Average Linear Train Error with no polynomial features:  21.806183575851065
Average Linear Test Error with no polynomial features:  23.636068605428157
Average Ridge Train Error with no polynomial features:  21.89290115757019
Average Ridge Test Error with no polynomial features:  23.68858300163877


Here we are comparing the performance of the linear and ridge models when the dataset <b> has polynomial features</b>

In [207]:
# print the error for the both linear regression and ridge regression when dataset has polynomial features
# the error should include both training error and testing error
avg_linear_train_error_poly, avg_linear_test_error_poly, = k_fold_cross_validation(10,X_2,y_2,0,"linear")
print("Average Linear Train Error with polynomial features: ",avg_linear_train_error_poly)
print("Average Linear Test Error with polynomial features: ",avg_linear_test_error_poly)
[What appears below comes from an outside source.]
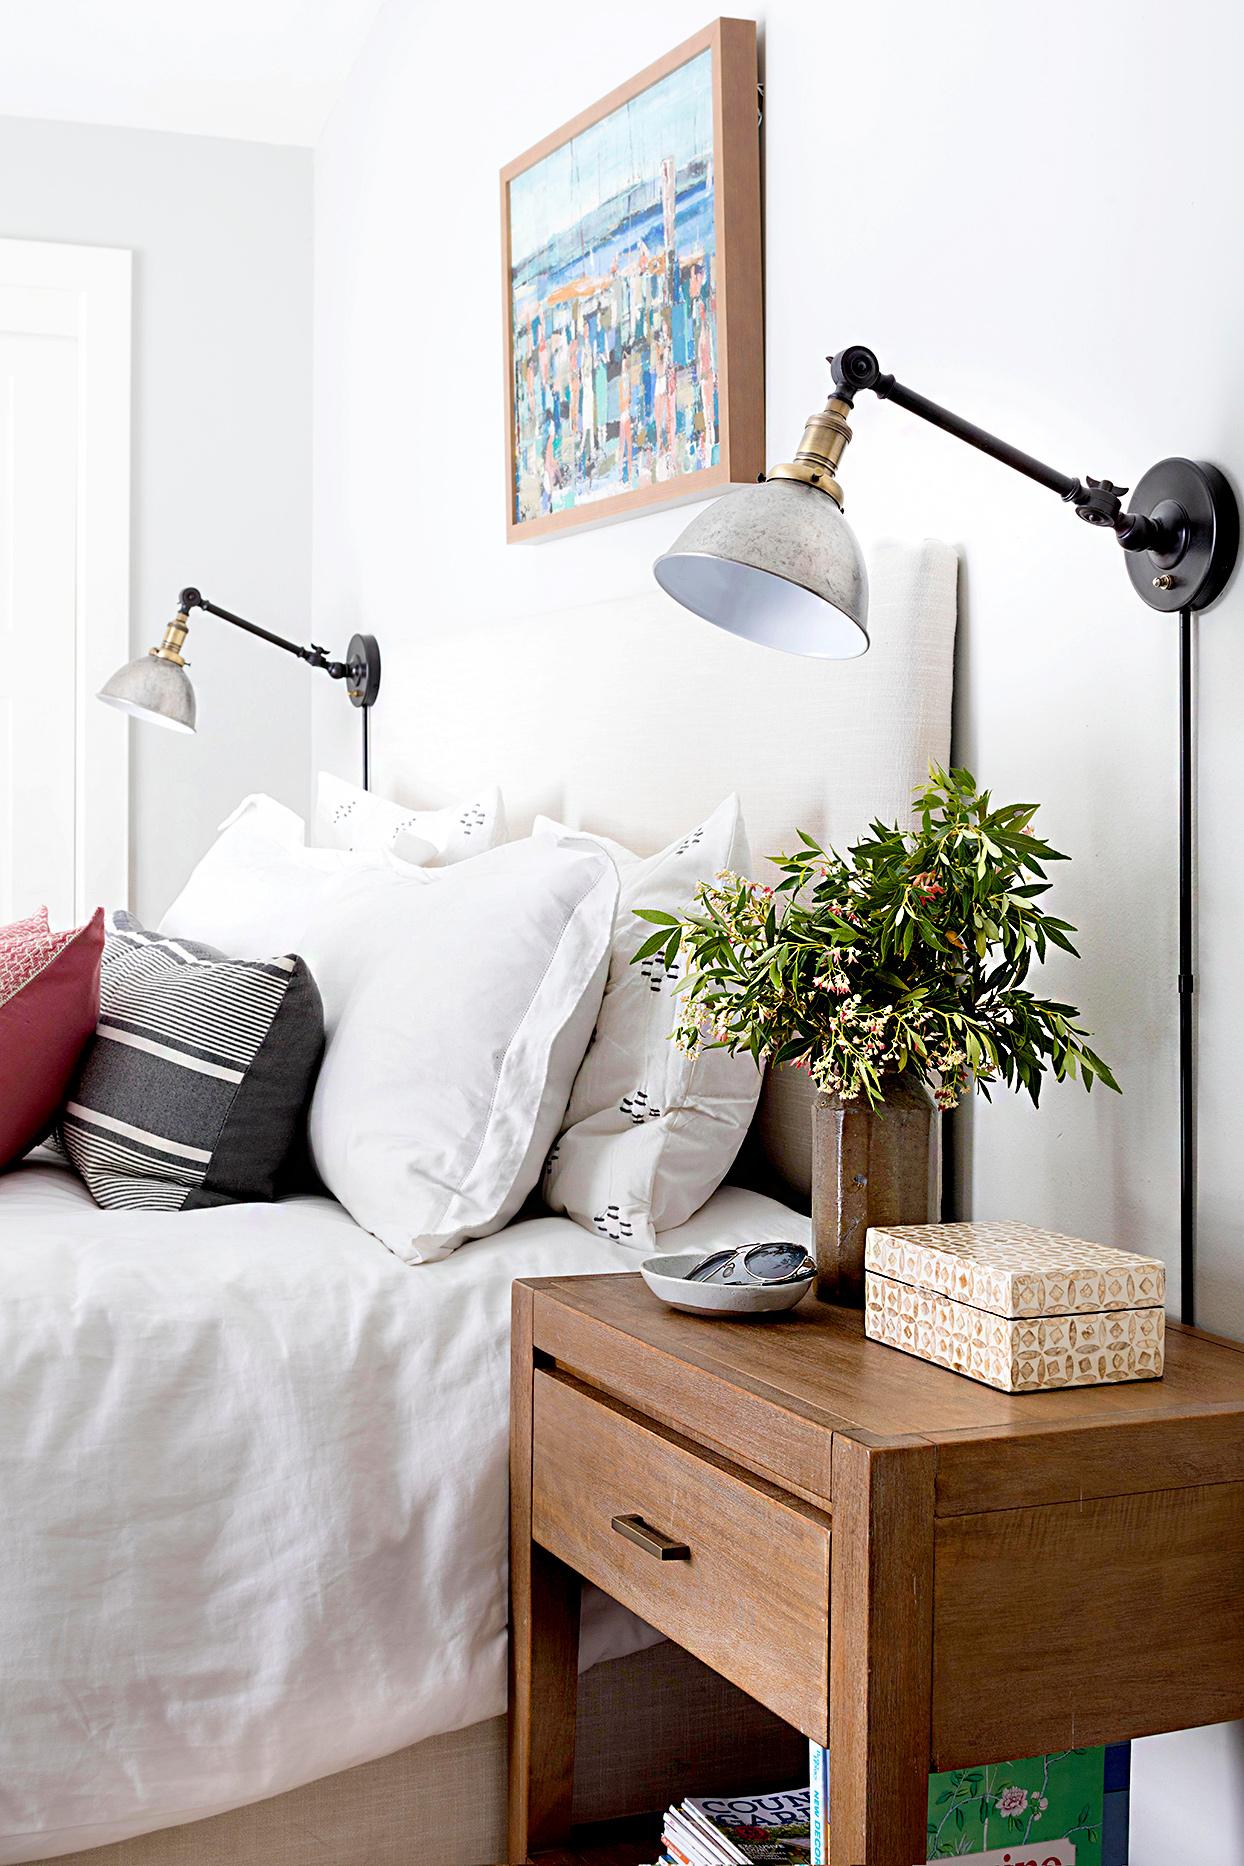 Thay vì sử dụng đèn để sàn thì những chiếc đèn gắn tường sẽ là lựa chọn phù hợp cho những phòng ngủ diện tích nhỏ

avg_ridge_train_error_poly, avg_ridge_test_error_poly, = k_fold_cross_validation(10,X_2,y_2,10,"ridge")
print("Average Ridge Train Error with polynomial features: ",avg_ridge_train_error_poly)
print("Average Ridge Test Error with polynomial features: ",avg_ridge_test_error_poly)
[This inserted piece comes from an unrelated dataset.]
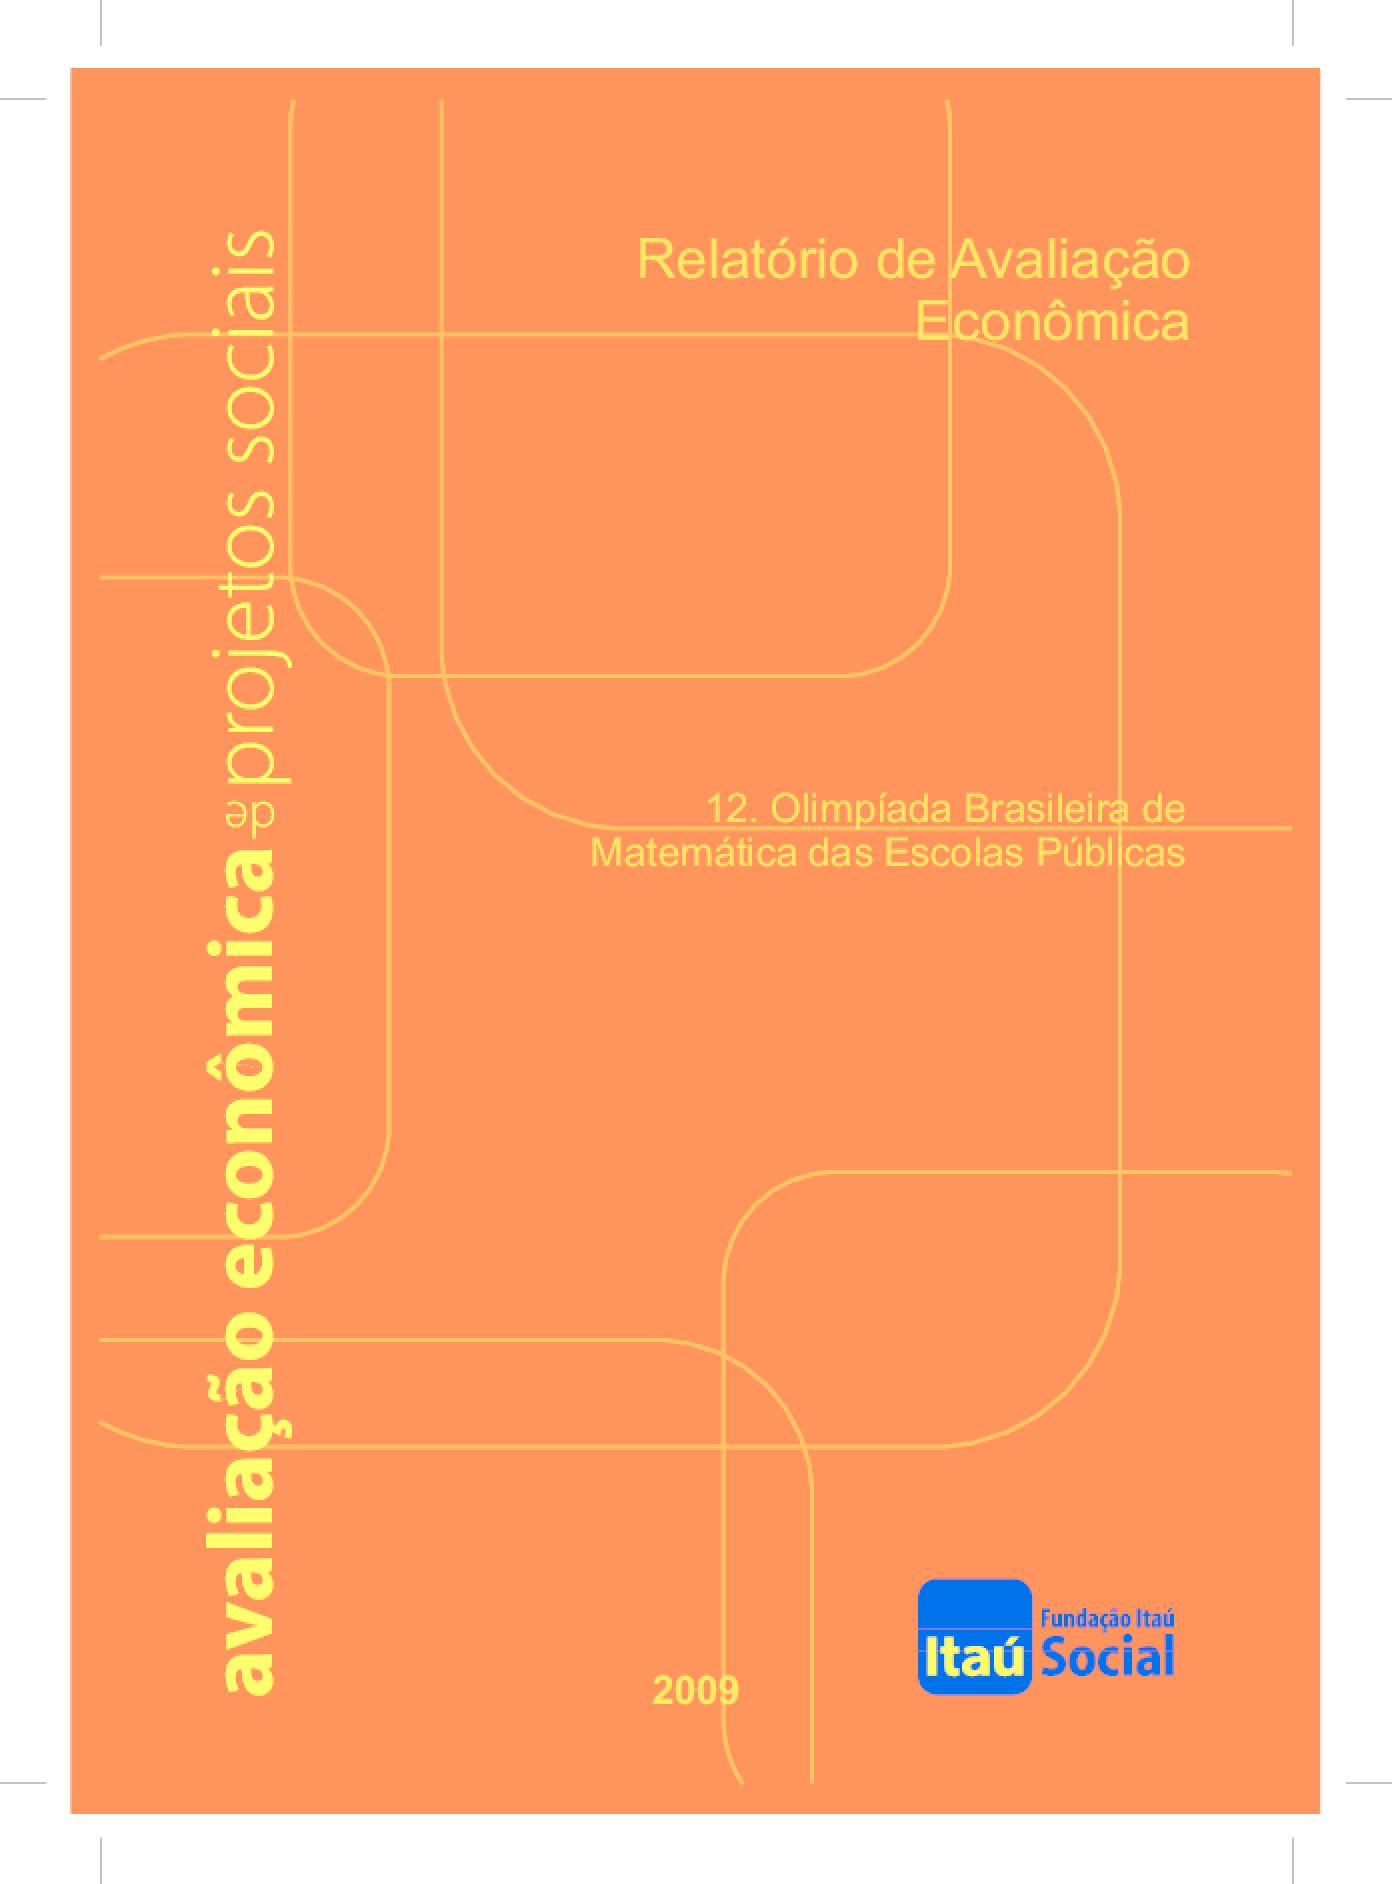 Avaliação econômica - Olimpíada brasileira de matemática das escolas públicas

Average Linear Train Error with polynomial features:  5.8088208160124655
Average Linear Test Error with polynomial features:  11.854968236414866
Average Ridge Train Error with polynomial features:  10.049055874118885
Average Ridge Test Error with polynomial features:  13.476138001136226


<h2>Summary and Evaluation</h2> 

In order to best summarise my findings I have printed out the test error of all four models.

In [208]:
print("Average Linear Test Error with no polynomial features: ",avg_linear_test_error_nopoly)
print("Average Ridge Test Error with no polynomial features: ",avg_ridge_test_error_nopoly)
print("Average Linear Test Error with polynomial features: ",avg_linear_test_error_poly)
print("Average Ridge Test Error with polynomial features: ",avg_ridge_test_error_poly)
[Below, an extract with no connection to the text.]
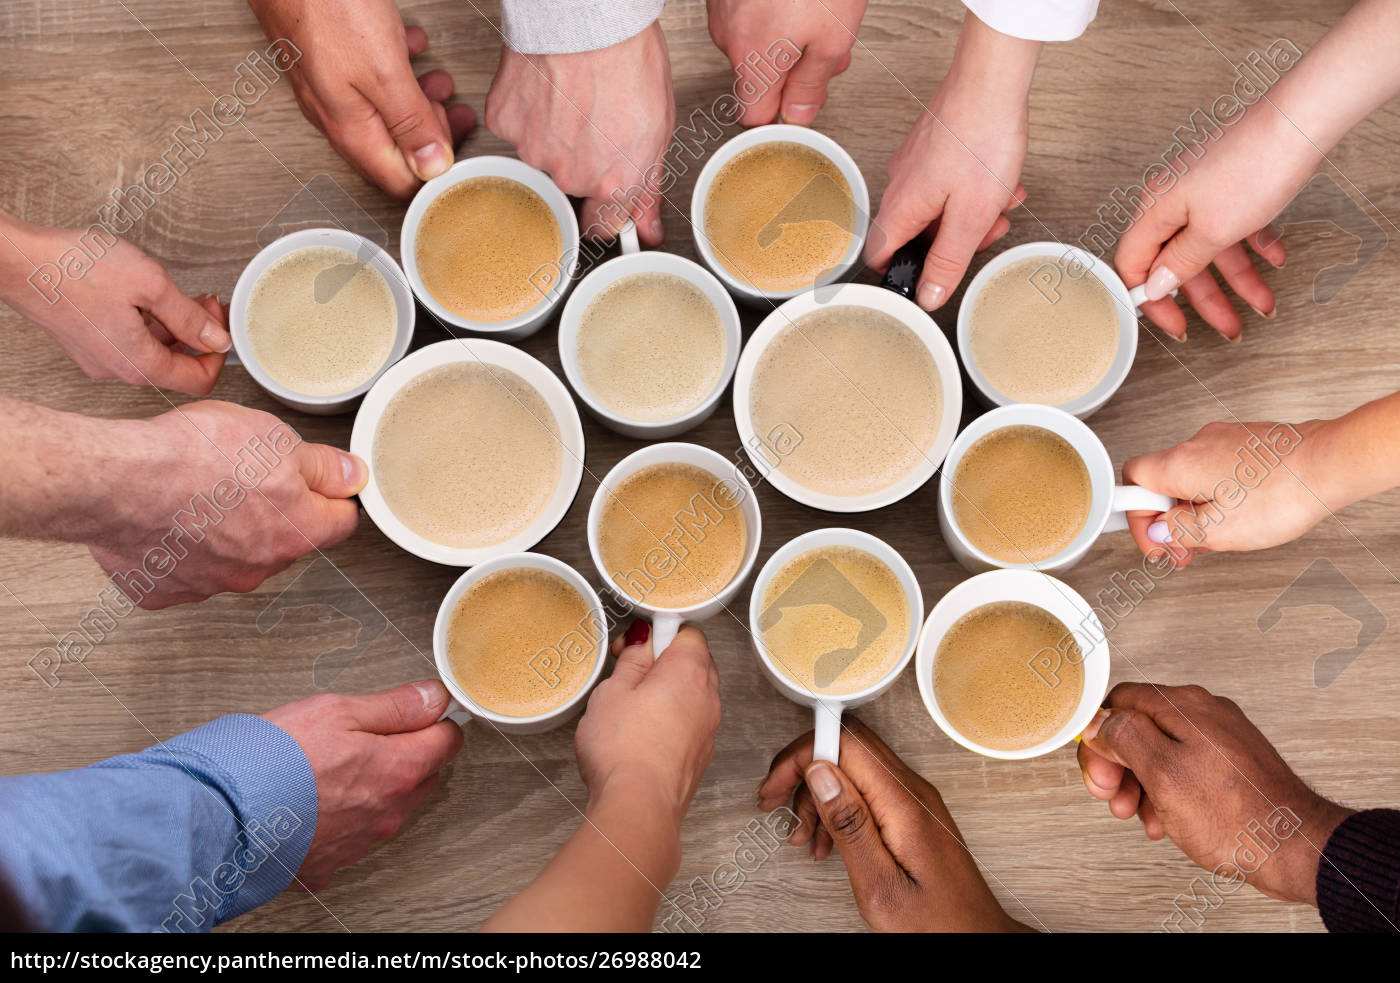 grupa, osób, posiadających, filiżanki, do, kawy - 26988042

Average Linear Test Error with no polynomial features:  23.636068605428157
Average Ridge Test Error with no polynomial features:  23.68858300163877
Average Linear Test Error with polynomial features:  11.854968236414866
Average Ridge Test Error with polynomial features:  13.476138001136226


The interpretation of my findings is quite interesting and suprising. First let us compare the ridge regression
vs linear regression. Usually one expects that because of the ridge regression, even though bias will go down, the 
error from variance will go down more and it will lead to a greater fall in error. However, this does not seem to 
be the case over here. In both instances (no polynomial features and polynomial features) the linear regression model
outperforms the ridge regression model. Next let us see no polynomial features in dataset vs polynomial features in 
dataset. After introducing polynomial features, the test error in both the linear and ridge models went down 
significantly. The reason for this may have been that the features have more of a polynomial relation with the target 
variable as compared to a basic linear one. Introducing the polynomial features helped increase the complexity of the 
model, fit the dataset better, and hence reduce the test error. All in all then I would use the linear regression 
model with polynomial features to in the future to predict housing prices as it gave the least test error.